The distribution unit 14 outputs the sum ΣG of the gradients calculated by the addition unit 13 to each of the transmission units 15-1 to 15-N (Step S107 of FIG. 4). In this case, if the bit precision of the gradients G is less than a desired processing speed, since separate pieces of data of ΣG for each of the plurality of processing units are simultaneously output from the plurality of adders 130 of the addition unit 13, the separate pieces of data of ΣG for each of the plurality of processing units are collected into one piece of data having the data width W so as to be output to each of the transmission units 15-1 to 15-N.

Transmission Units 15-1 to 15-N

Each of the transmission units 15-1 to 15-N stores the pieces of data of the sum ΣG of the gradients output from the distribution unit 14 in communication packets and transmits the communication packets to the corresponding one of the learning nodes 2-1 to 2-N (Step S108 of FIG. 4). As described above, each of the transmission units 15-1 to 15-N retransmits the communication packets in the event that there is a communication error with the learning nodes 2-1 to 2-N.

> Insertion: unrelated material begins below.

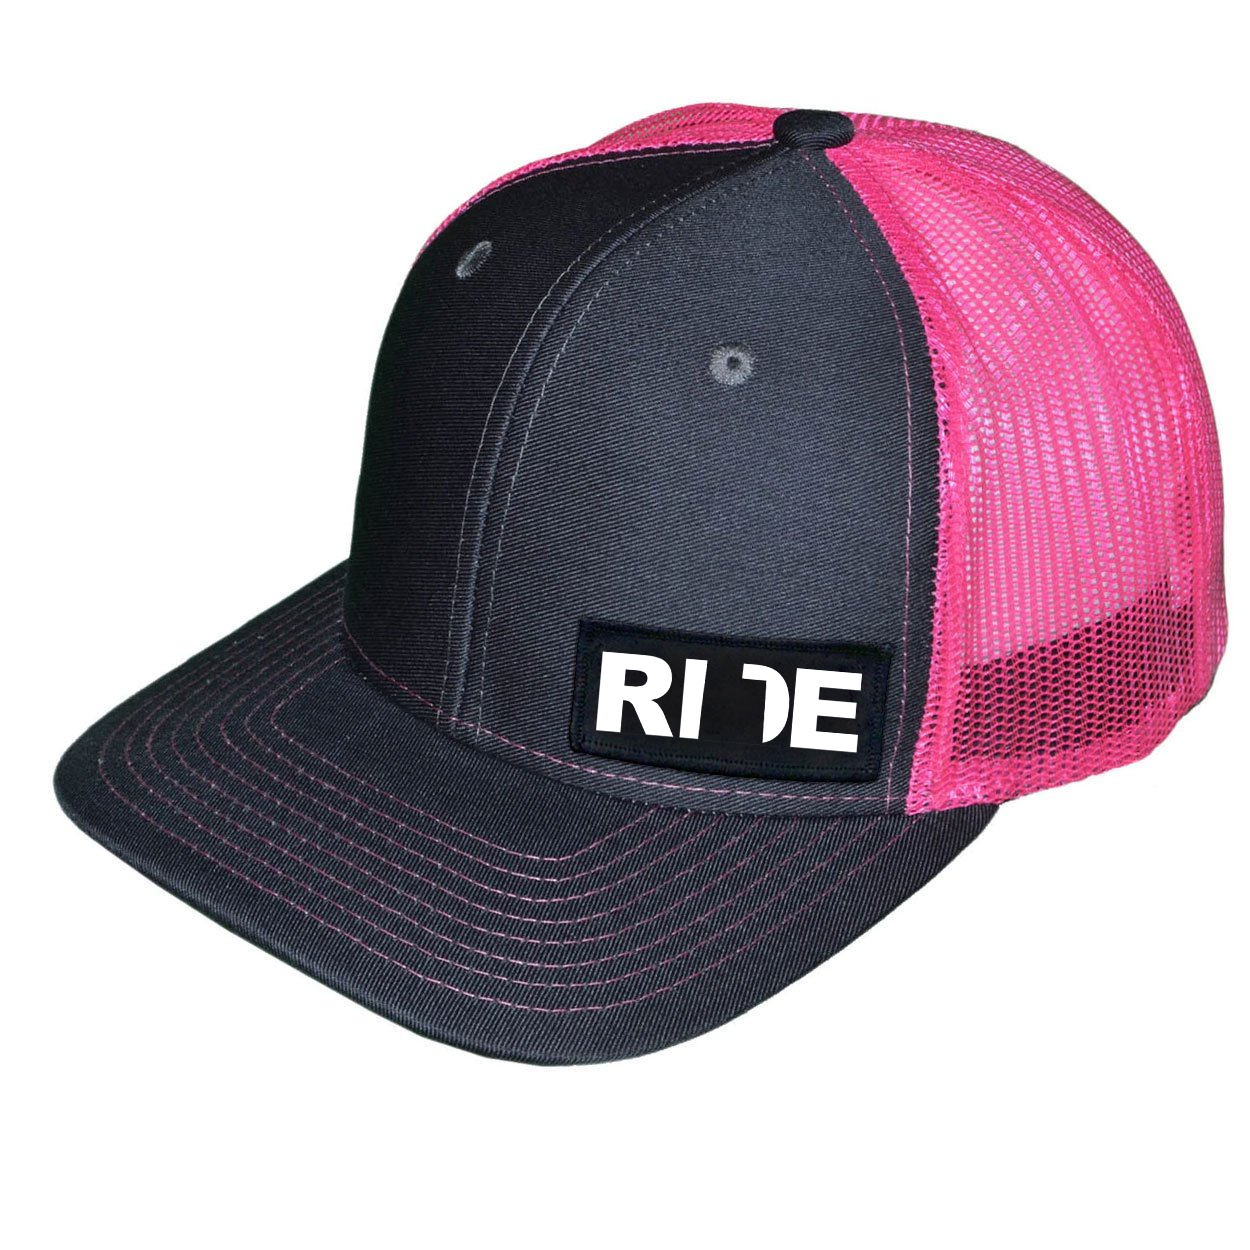 Ride Utah Night Out Woven Patch Snapback Trucker Hat Charcoal/Neon Pink (White Logo)

FIG. 5 is a block diagram illustrating a configuration example of the learning node 2-1. The learning node 2-1 includes an input unit 20 that receives learning data, a loss function calculation unit 21, a gradient calculation unit 22, a transmission unit 23 (first transmission unit), a reception unit 24 (first reception unit), a configuration parameter update unit 25, and a neural network 26. The loss function calculation unit 21 calculates the loss function L when the learning data is input. The gradient calculation unit 22 calculates the gradients G of the loss function L. The transmission unit 23 (first transmission unit) packetizes the gradients G calculated by the gradient calculation unit 22 and transmits the gradients G to the computing interconnect apparatus 1. The reception unit 24 (first reception unit) receives the communication packets transmitted from the computing interconnect apparatus 1. The configuration parameter update unit 25 updates configuration parameters (weight parameters) of the neural network by using the sum ΣG of the gradients stored in the communication packets transmitted from the computing interconnect apparatus 1. The neural network 26 has a function of calculating output values of the neural network being a mathematical model.

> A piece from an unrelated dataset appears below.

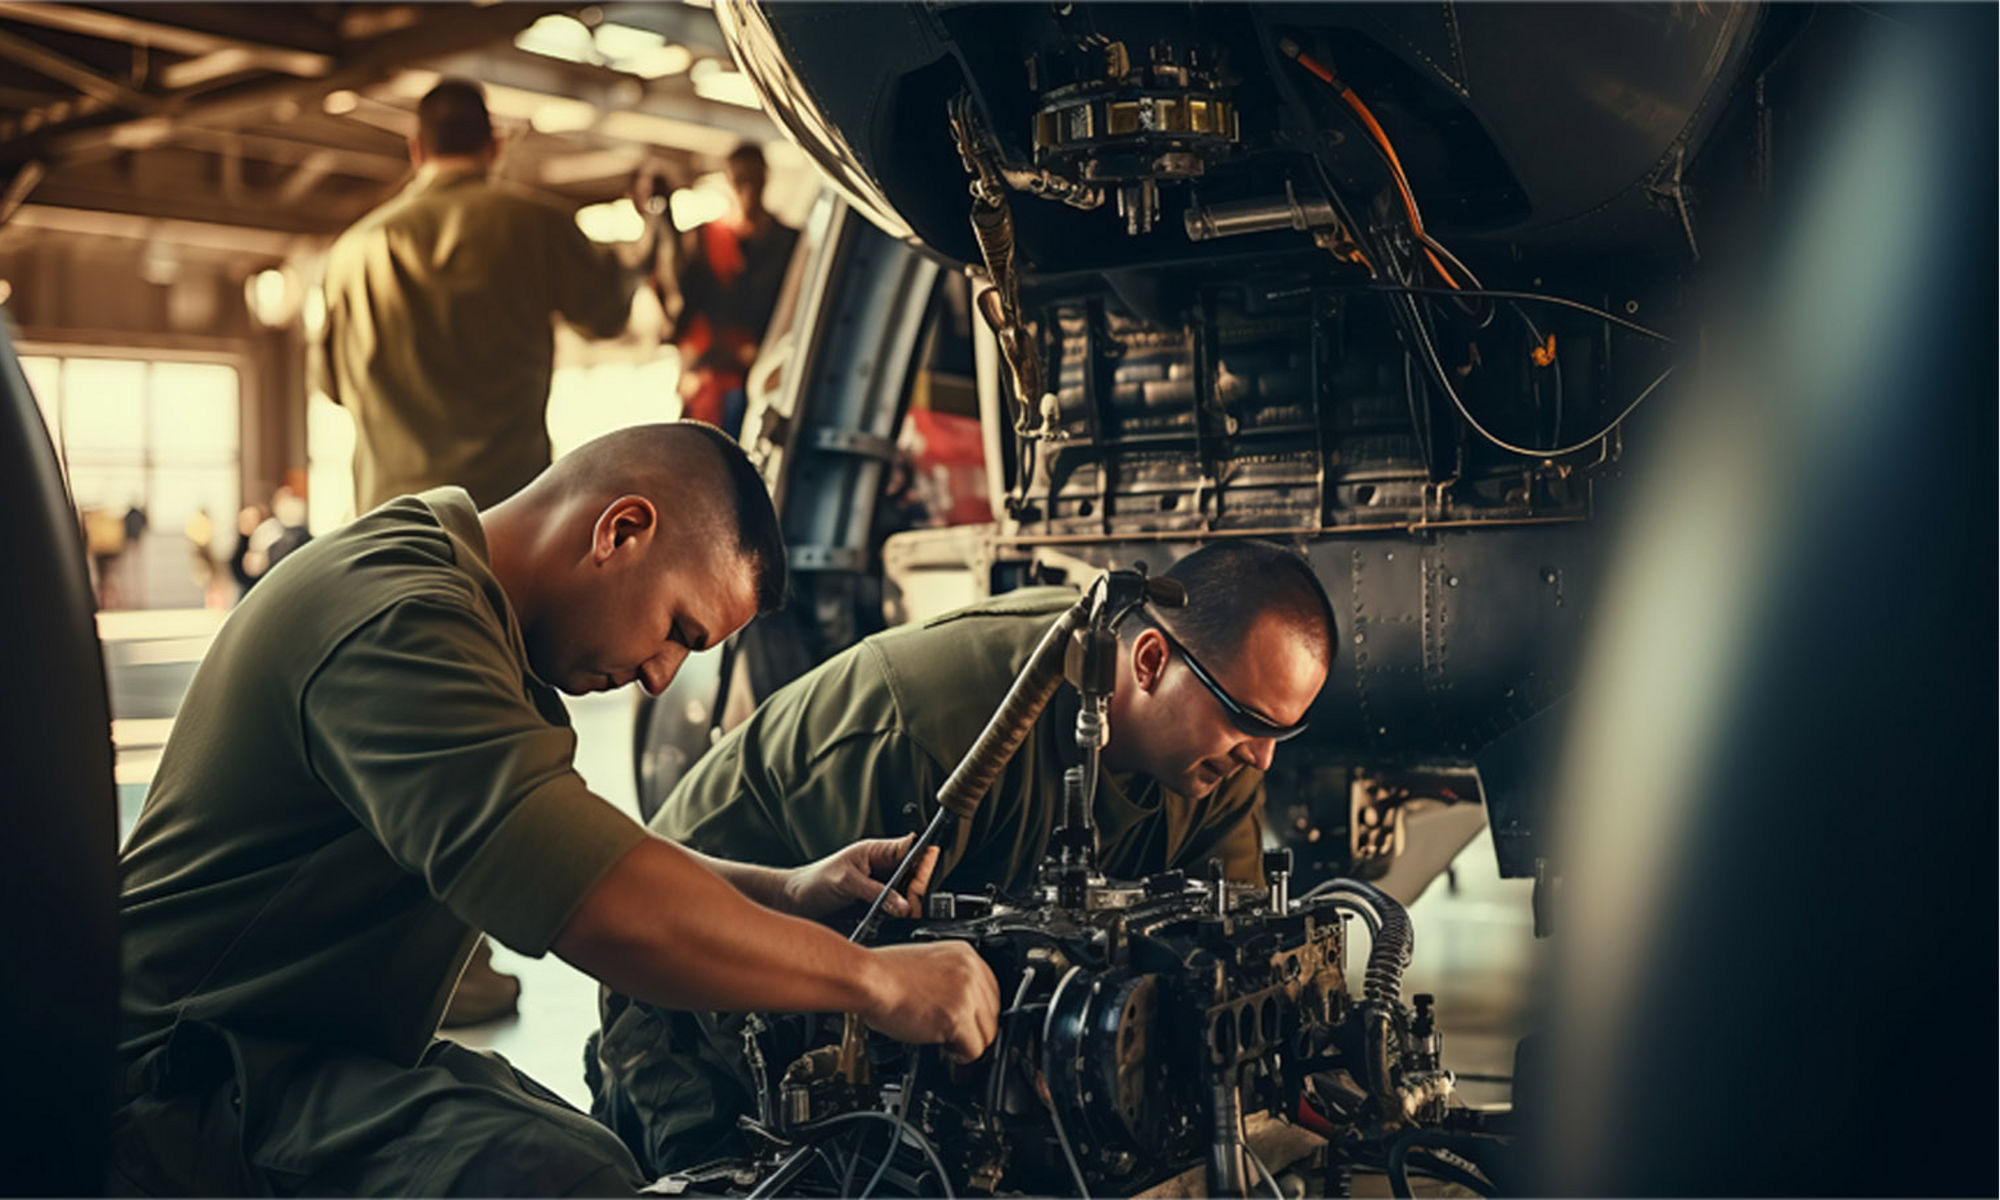 Two veterans on the job working on military helicopter equipmenT

The example of FIG. 5 illustrates a configuration of the learning node 2-1. However, configurations of other learning nodes are also similar to the configuration of the learning node 2-1. The transmission unit 23 of each of the learning nodes 2-1 to 2-N writes the calculation results of the gradients G calculated by the gradient calculation unit 22 into the data payload of the communication packets and transmits the calculation results to the computing interconnect apparatus 1.

The reception unit 24 of each of the learning nodes 2-1 to 2-N extracts the calculation results of the sum ΣG of the gradients from the data payload of the communication packets received from the computing interconnect apparatus 1.

The configuration parameter update unit 25 of each of the learning nodes 2-1 to 2-N updates the configuration parameters of the neural network 26, based on the calculation results of the sum ΣG of the gradients. Embodiments of the present invention assume a case in which the configuration of the neural network 26 of each of the learning nodes 2-1 to 2-N is the same. This similarly applies to other embodiments to be described below.

Note that the pieces of data as many as the number of processing units to be carried out per clock may be pieces of data for one cycle of the learning processing, or may not be pieces of data for one cycle. In a case in which the bit precision of the gradient G is 32 bits, as described above, the number of processing units to be carried out per clock is 2, for example; however, such pieces of data for two processing units may or may not be pieces of data for one cycle of the learning processing.

Effect of First Embodiment

As described above, the computing interconnect apparatus 1 according to the present embodiment is connected to the learning nodes 2-1 to 2-N via the communication network 3, and extracts calculation results of the gradients G from communication packets transmitted from the learning nodes 2-1 to 2-N and temporarily accumulates the calculation results in the buffer units 11-1 to 11-N. Then, the computing interconnect apparatus 1 reads, from the buffer units 11-1 to 11-N, as many pieces of data of the gradients G as the number of one or a plurality of processing units to be carried out per clock, which is determined by the bit precision of the gradients G and a desired processing speed, outputs, to the adders 130 separate for each of one or the plurality of processing units, the pieces of data of the gradients G of the processing unit corresponding to the adders 130, calculates the sum ΣG of the gradients separately for each processing unit, and transmits calculation results to each of the learning nodes 2-1 to 2-N.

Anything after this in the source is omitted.